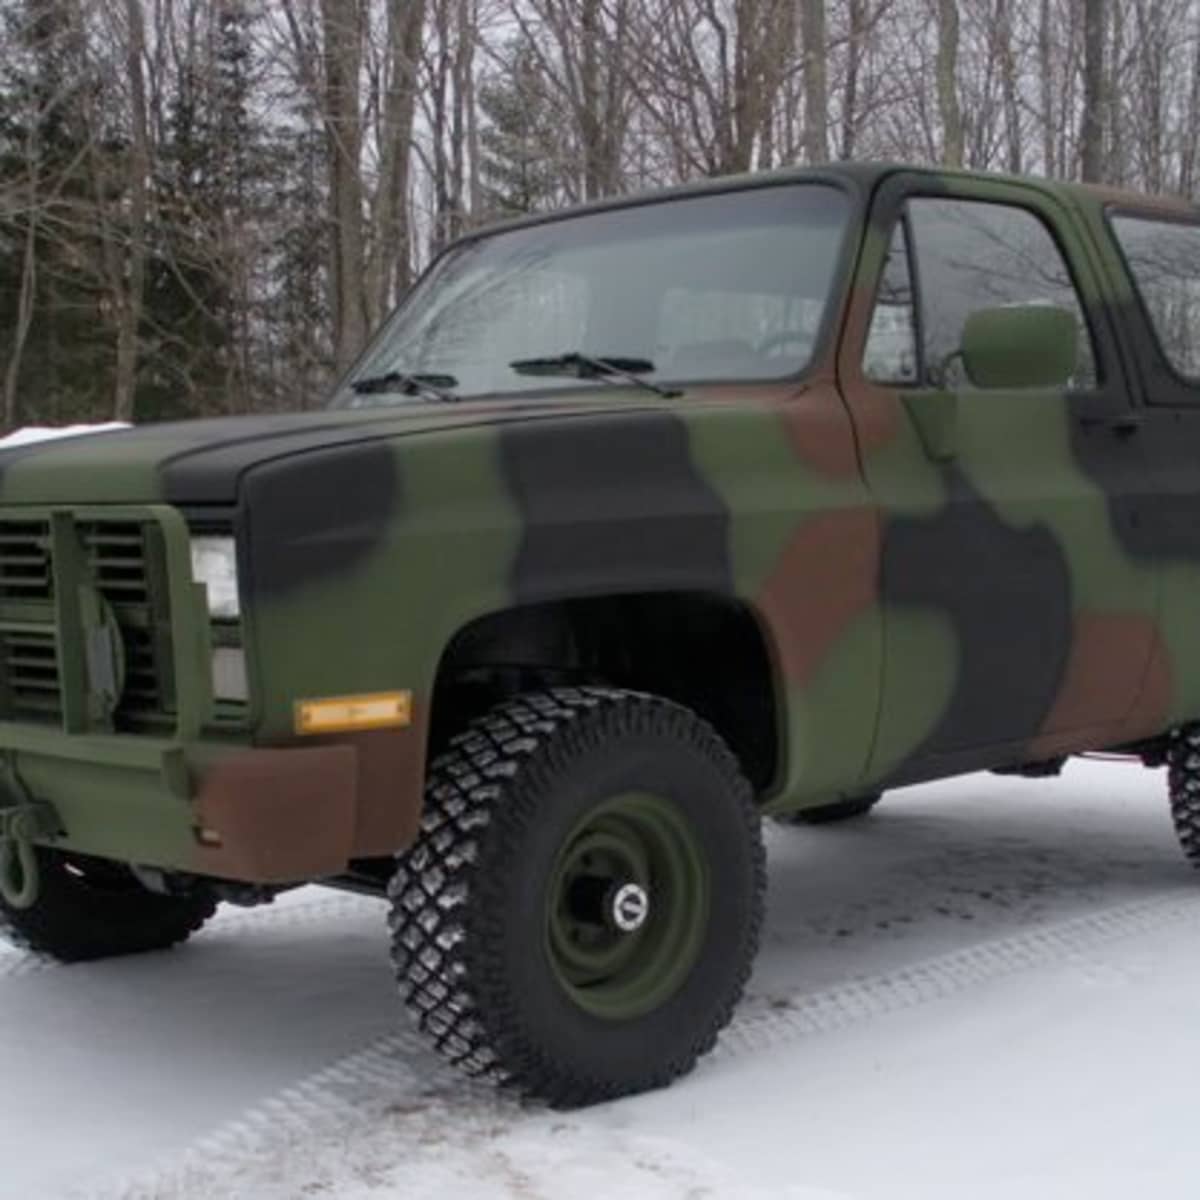 cling Ruby Approval The M1009 CUCV: A Manly, Eco-Conscious, Military-Rejected, Survivalist's  Dream Vehicle - AxleAddict
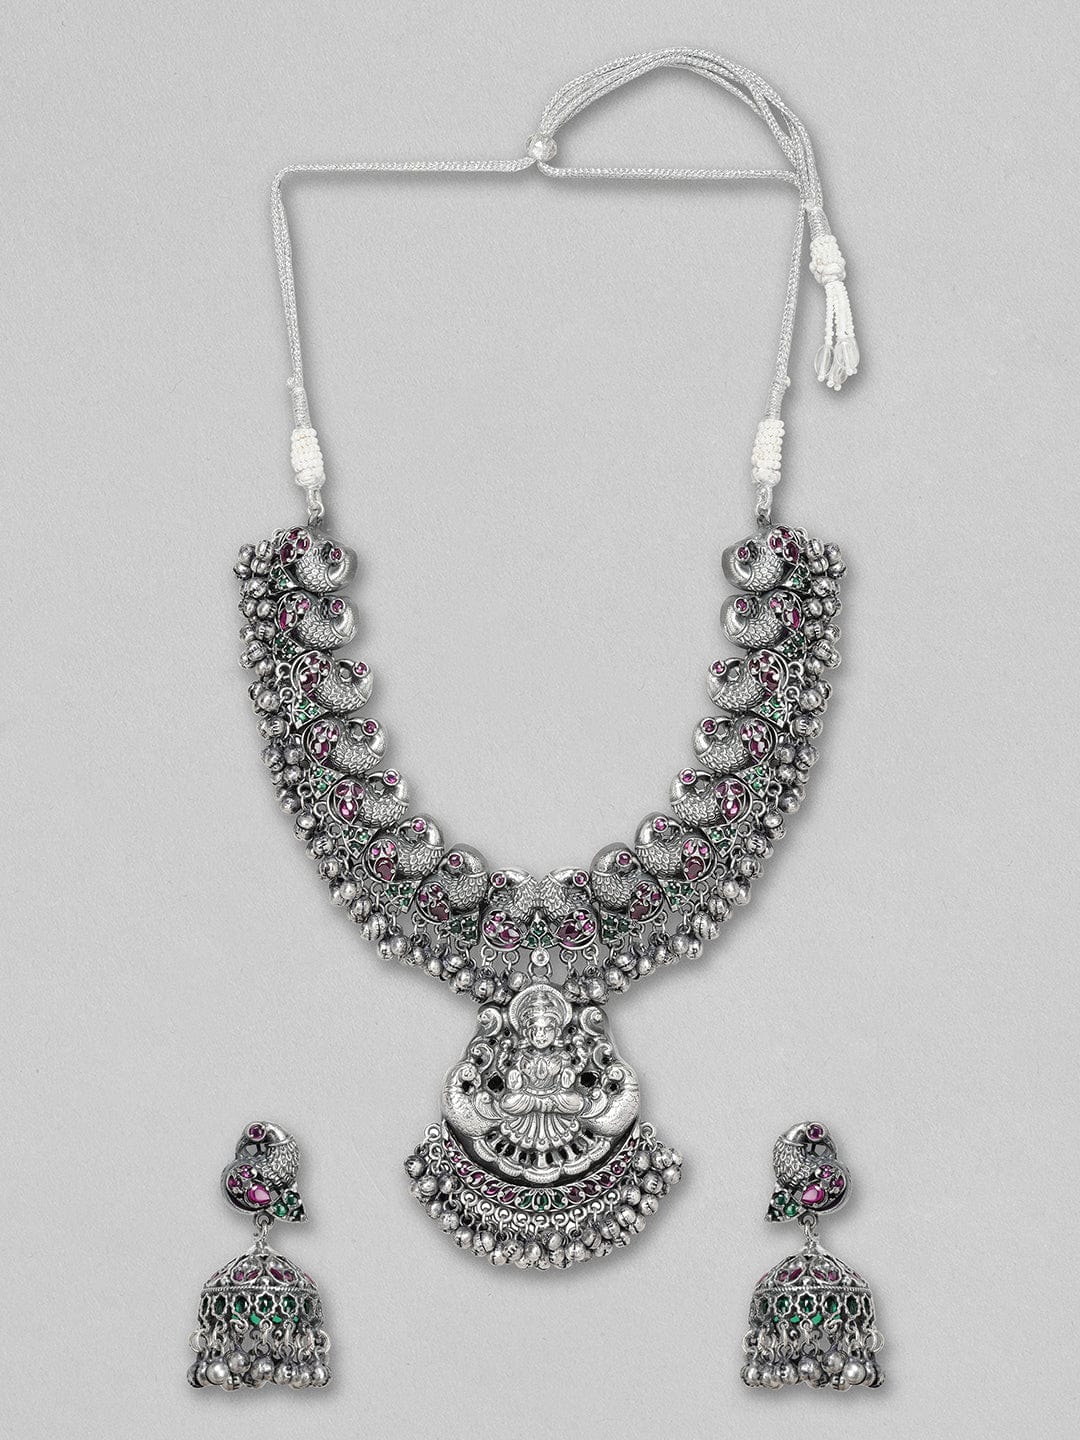 Rubans Silver Oxidised Necklace With God Motif And Elegant Carvings
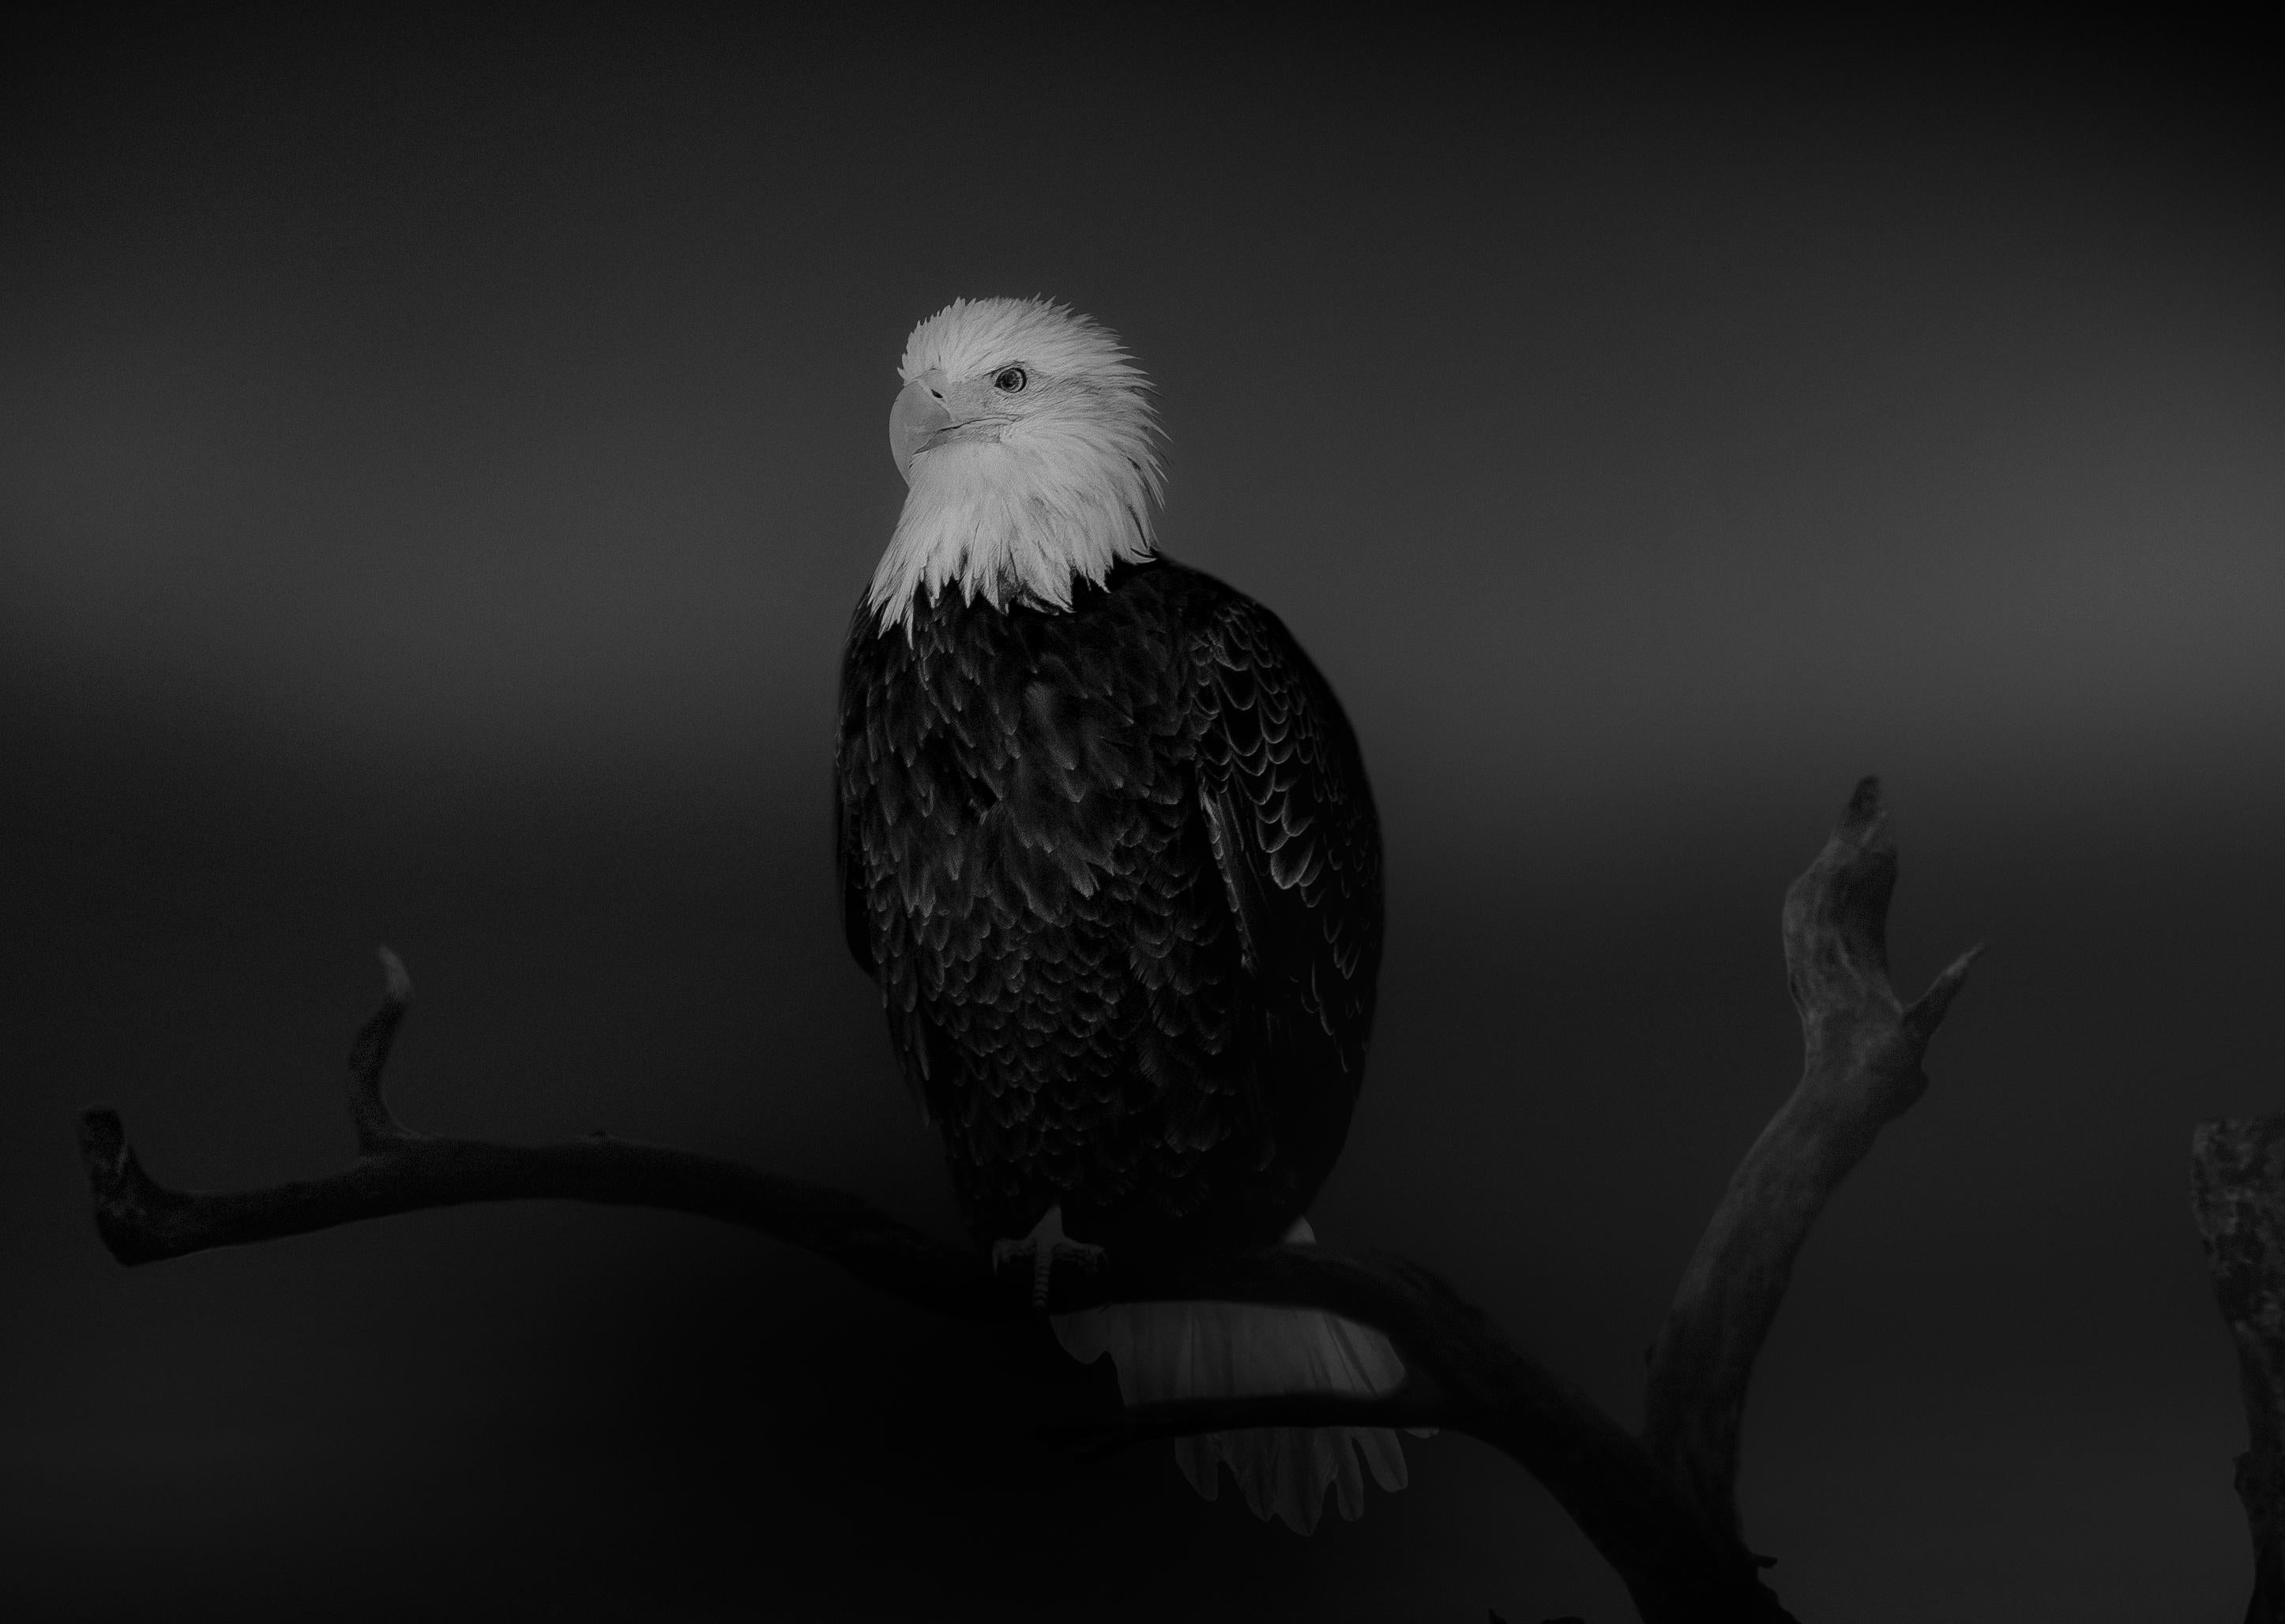 Shane Russeck Black and White Photograph - "Bald Eagle" 50x60 - Black & White Photography, Photograph Fine Art Print

## WHAT TO DO
Print only the lines running from the one containing "Rubans Silver Oxidised" to the end of the data above, exactly; include no pictures.

## TASK RESULT
 Rubans Silver Oxidised Necklace With God Motif And Elegant Carvings
 Shane Russeck Black and White Photograph - "Bald Eagle" 50x60 - Black & White Photography, Photograph Fine Art Print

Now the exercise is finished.